25 Nov 2020, 14:41

Meet Mathurin Aché, winner of the Predict the Spread of COVID-19 Challenge and experienced ML practitioner

Catch up with seasoned data science competitor and Product Manager at Prevision.io, Mathurin Aché (mathurin) as he shares a few of his secrets to winning the AI4D Predict the Global Spread of COVID-19 challenge.

Hi Mathurin, please introduce yourself to the Zindi community.

My name is Mathurin Aché (mathurin), I am 39 years old, and I live in France.

Tell us a bit about your data science journey.

I have been a data scientist for 15 years. I am currently Product Manager at Prevision.io, publisher of machine learning machine software. I have participated in more than 200 competitions on Kaggle (around 20th in the world ranking) and other data science platforms. See my profile here.

What do you like about competing on Zindi?

When I participate in datascience contests, I have 2 objectives:

  • work on new data or issues, and if possible with a positive stake for humans
  • learn new techniques, datascience methods to continuously progress in the field

So I like that Zindi sets up competitions with tangible human objectives.

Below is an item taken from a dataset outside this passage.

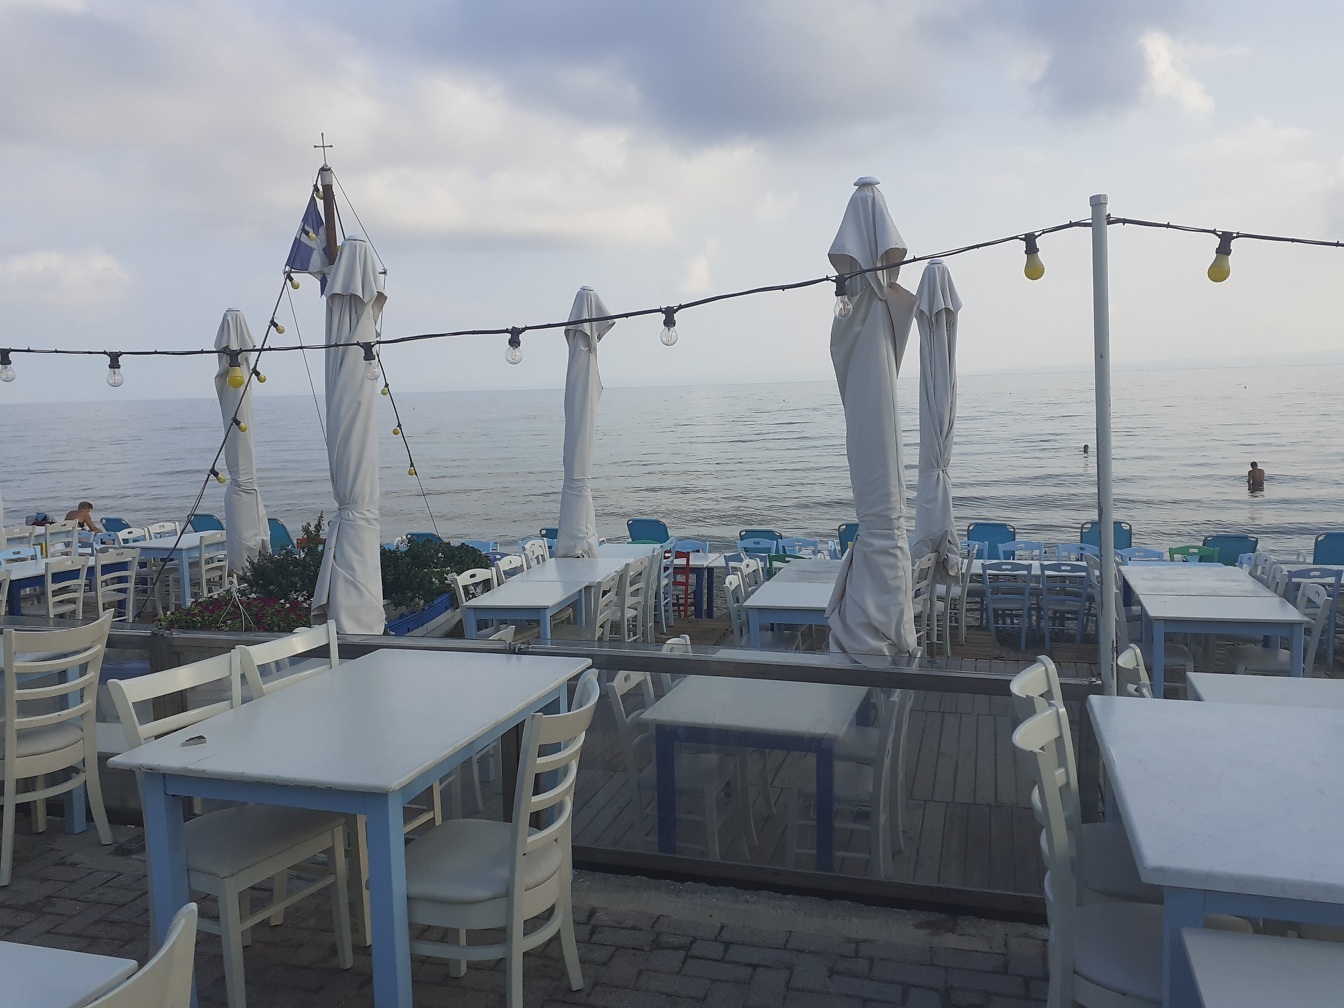 Tom terrasse på strandrestaurant med hvite stoler og bord

Tell us about the solution you built for the AI4D Predict the Global Spread of COVID-19 challenge.

I discovered the AI4D Predict the Global Spread of COVID-19 contest just two days before the end. I had just taken part in an equivalent competition on Kaggle, with some differences:

  • the metric used (MAE vs RMSLE)
  • the longer forecast window for Zindi.
  • the list of different countries and regions between the two competitions
  • the cumulative number of deaths by country and region of the world (on Kaggle, there is also the notion of people contaminated by COVID-19)

Since the data have different ranges, from a few deaths to several tens of thousands of deaths, it is usual to work with log (Fatalities) rather than raw data.

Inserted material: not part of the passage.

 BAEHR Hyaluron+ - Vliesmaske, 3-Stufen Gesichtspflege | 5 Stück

In terms of external data, I used data from the "country_codes.csv" metadata.

In terms of explanatory variables, I manually created the lags at 1, 3 and 7 days before sliding.

In terms of my algorithm, I took the average of 6 xgboost models. Each xgboost model was trained with a weighting equal to 1. / days ** WEIGHT_NORM with a value between 0.15 and 0.3, and a DECAY of 0.99. I also used some variants of the following parameters: min_child_weight, eta, colsample_bytree, max_depth, subsample, NROUND.

What do you think set your approach apart?

I was mainly inspired by the solutions proposed by the winners of the Kaggle COVID forecasting contest.